Class at Faculty of Law |
HP3922

Syllabus

1.       Introduction: public goods, externalities

2.       The principal-agent problems in the public sector

3.       The state and local budget – their composition and the budgeting process

4.       Public procurement – theory, efficiency, corruption risks, waste, and mechanism limiting their extent

5.       Public procurement – the “law in action” at the competition offices and courts

6.       European and state subsidies – the correction of market failures in theory and practice

7.       Transparency of the public sector and its economic implications

8.       Financing of political parties and its impacts on the allocation of public goods

9.       Design of the tax system

10.   Tax evasion, avoidance, and tax havens

11.   Regulatory impact assessment (RIA) – theory, practice, and the institutional setting in the legislative process

12.   RIA – case studies

Annotation

The course introduces students to selected topics in the economics of the public sector, with a special focus on their real-world applications and legal regulation. It starts with the theoretical arguments for government interventions in markets, and then moves on to the most significant applications: public budgets, public procurement, and subsidies. We will study how these tools of public policy are regulated, and whether their regulation is economically efficient. This approach is synthesized in the final lectures devoted of the theory and practice of the regulatory impact assessment (RIA) in the legislative process.
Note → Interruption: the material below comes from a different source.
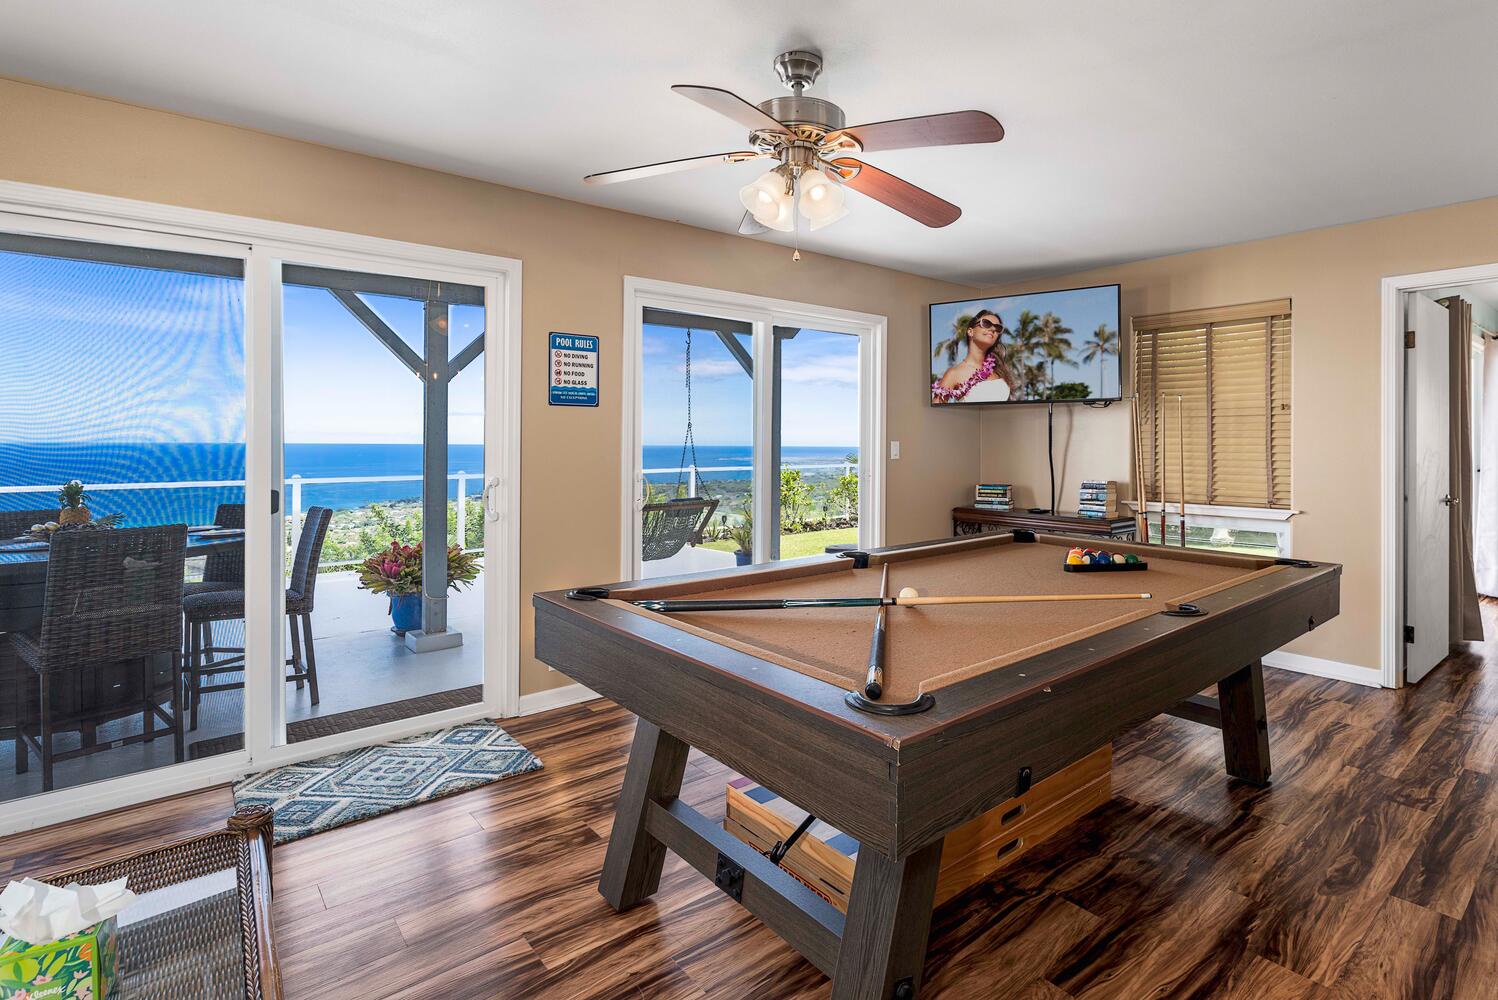 Kailua Kona Vacation Rentals, Honu O Kai (Turtle of the Sea) - Play a game of billiards while enjoying an ocean view

Important information about the prerequisites: The course requires prior knowledge of economics at the level of an introductory microeconomics course (e.g., Mankiw, G.: Principles of Economics, chapters 1-19). For the Faculty of Law regular master students, this implies that they should have completed the course Theory of national economy I. Throughout the classes and exams, we will presume that the students have the requisite knowledge of this material.